One medical specialist referred to the applicant as “symptom expressive” which I took to mean that she was perceived as a complainer. Dr. Burke gave much the same testimony in that he felt that the applicant’s verbal complaints were disproportionate to her actual physical performance. I can see how that argument could be made, but the fact remains that the applicant is not an idler. On the contrary, I am abundantly satisfied on the basis of the applicant’s testimony and medical history that she has continuously and consistently – although not uncomplainingly – treated her condition and pushed forward with it. I find no merit in the argument that the applicant should be denied a stair-lift because it would be good for her.
I accept the applicant’s evidence that she finds it difficult to ascend the basement stairs at the end of an evening because she has trouble lifting her legs and holding the handrail to get upstairs.
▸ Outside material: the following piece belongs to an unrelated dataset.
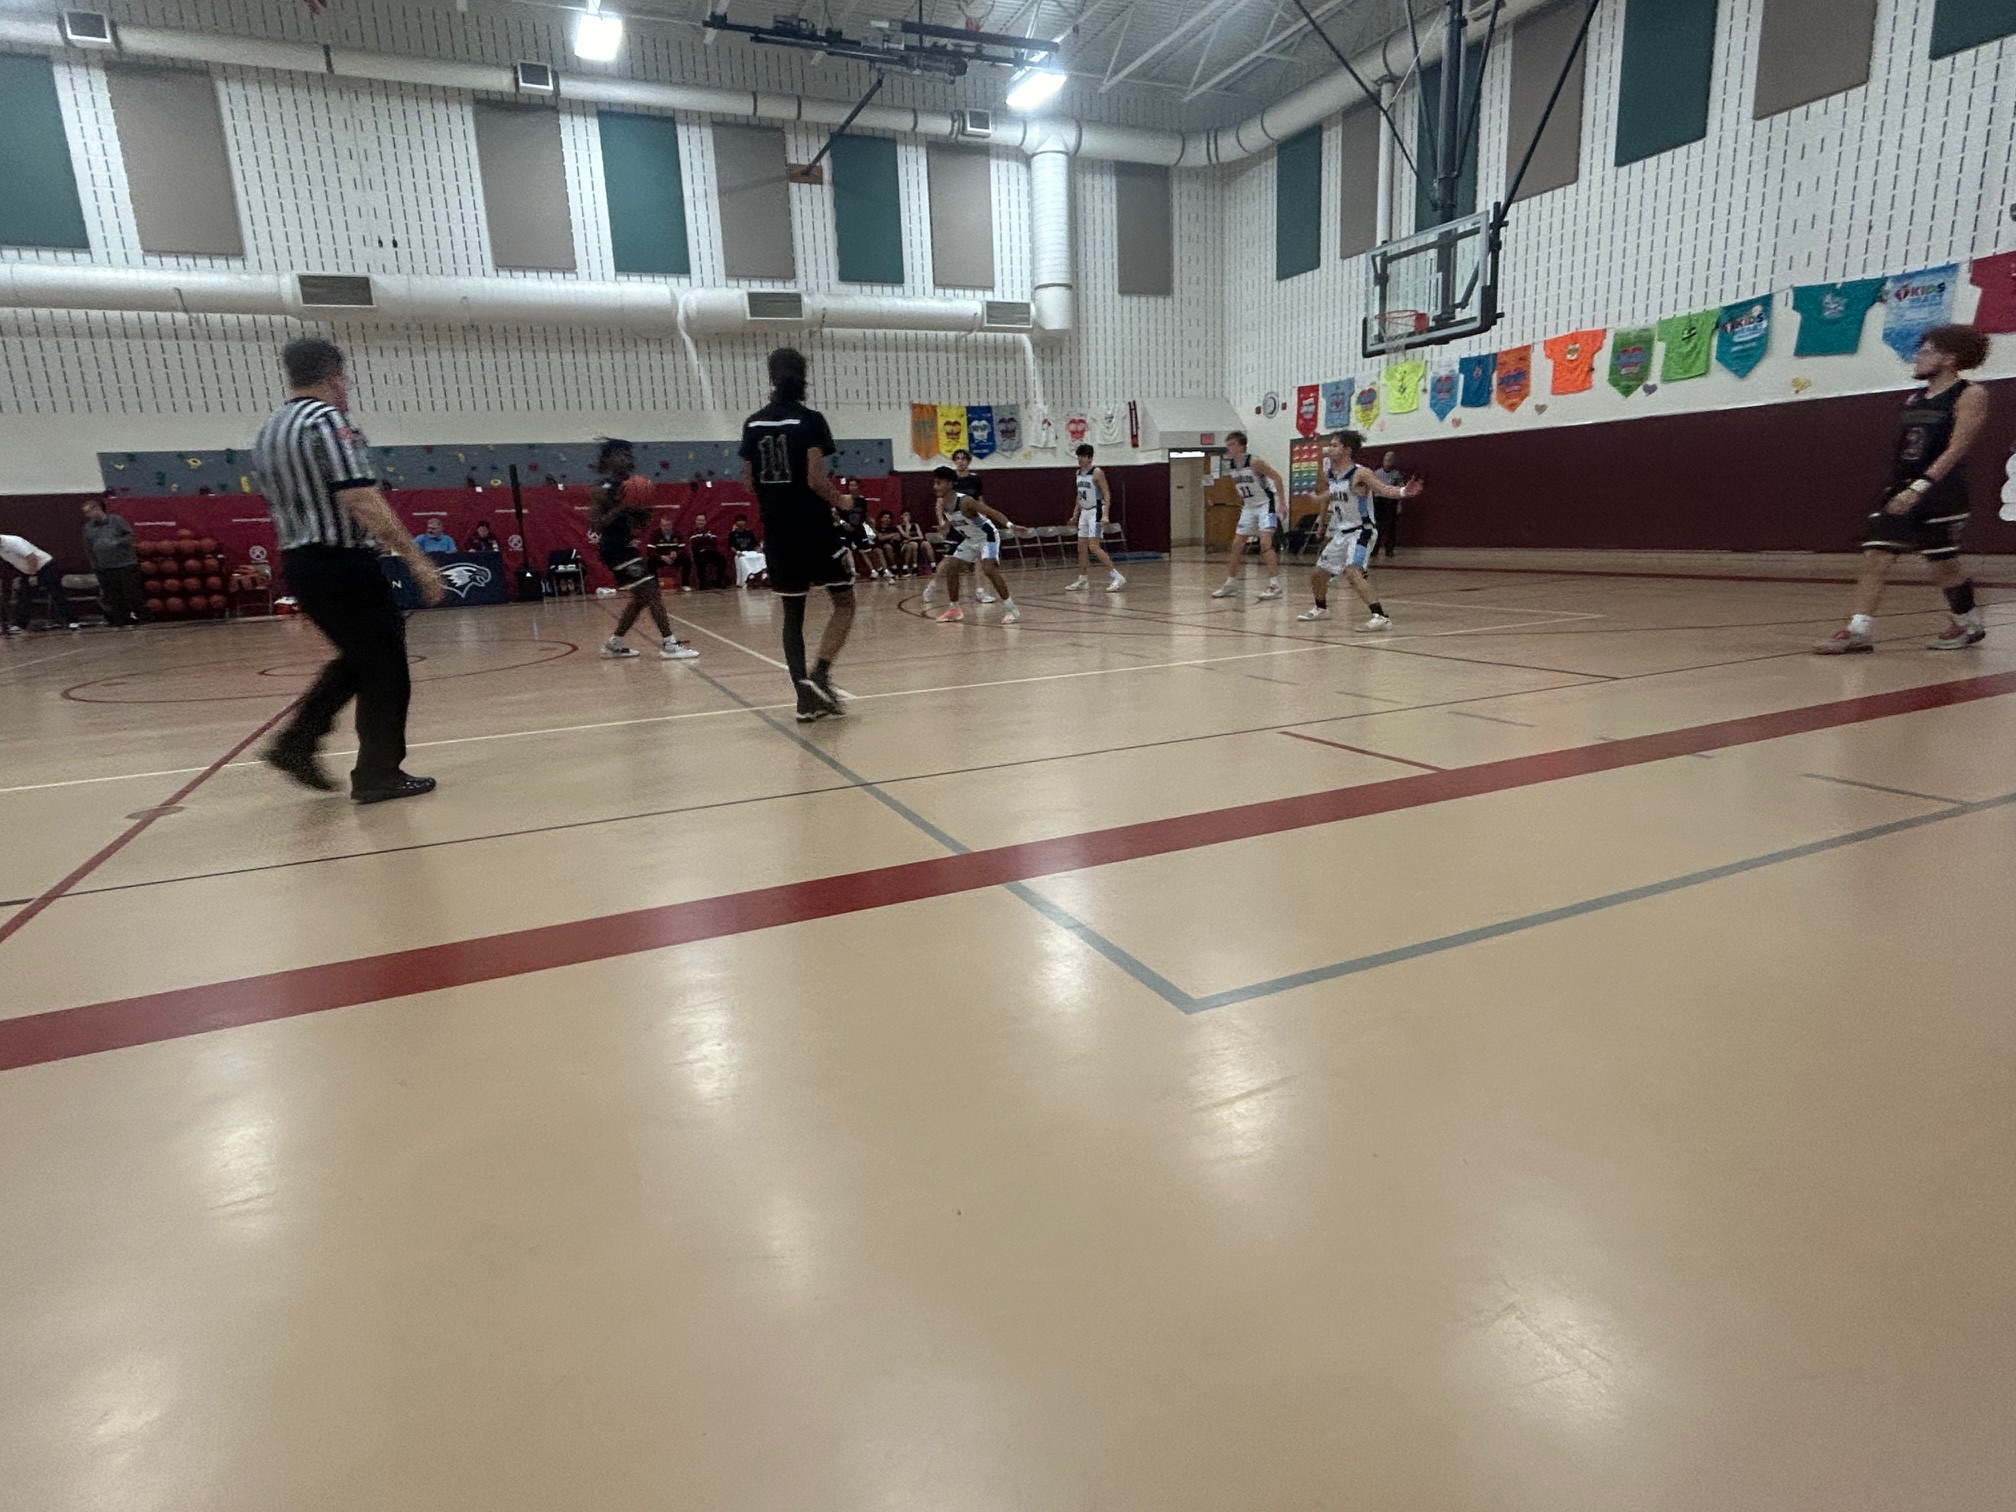 Lancaster Country Day Turns Up The Heat Following 32-Point Third Quarter Showing, 32 Forced Turnovers Overall To Stymie Lititz Christian In Regular Season Finale As Cougars Roar Into Postseason While Forced To ‘Figure Things Out’

I am satisfied that the subject treatment plan, stipulating for the installation of a stair-lift in the applicant’s home, is reasonable and necessary and I so find.
EXPENSES:
At my request, counsel made submissions with respect to expenses at the conclusion of the hearing. The applicant was substantially successful and, in accordance with the normal rule, she shall have her expenses. Applicant’s and Insurer’s counsel were in general agreement with respect to the issue of quantum. I have reviewed the list of disbursements filed by applicant’s counsel and I find that they are reasonable and otherwise in conformity with the requirements of the Expense Regulation.
I order that the applicant shall have her expenses of this matter fixed in the amount of $30,000.00 all inclusive.
May 17, 2017
James Robinson Arbitrator
Date
Financial Services Commission des
Commission services financiers
of Ontario de l’Ontario
Neutral Citation: 2017 ONFSCDRS 142
FSCO A13-007892
BETWEEN:
EVE NIFOROS
Applicant
and
ALLSTATE INSURANCE COMPANY OF CANADA
Insurer
ARBITRATION ORDER
Under section 282 of the Insurance Act, R.S.O. 1990, c.I.8, as it read immediately before being amended by Schedule 3 to the Fighting Fraud and Reducing Automobile Insurance Rates Act, 2014, and Regulation 664, as amended, it is ordered that:
The applicant’s claim for a non-earner benefit, from 26 week post-accident to present and ongoing, is dismissed.
The applicant shall be paid the following amounts for medical benefits:
(a) $2,742.90 for two treatment plans submitted by Dr. Joelle Saad, dated August 23, 2011 and March 20, 2012, respectively;
(b) $1,375.00 for a treatment plan submitted by Hongjian Sun, dated April 8, 2011;
(c) $3,850.30 for four treatment plans submitted by E. Hedges, dated August 2, 2011, September 8, 2011, February 8, 2012 and April 3, 2012, respectively;
(d) $1,225.41 representing the balance of a treatment plan submitted by Jennifer Rouffer, dated March 19, 2013;
(e) $10,503.55 for a treatment plan submitted by DMA Rehability dated September 4, 2013.
The applicant shall be paid the sum of $1,103.14 for the costs of examination for services provided by Jennifer Rouffer pursuant to a proposal dated January 9, 2013.
The applicant shall have her expenses in this matter in the all-inclusive amount of $30,000.00.
The applicant shall be paid interest for the overdue payment of benefits.
The remainder of the applicant’s claims are hereby dismissed.
May 17, 2017
James Robinson Arbitrator
Date
Footnotes
- The Statutory Accident Benefits Schedule — Effective September 1, 1996, Ontario Regulation 403/96, as amended.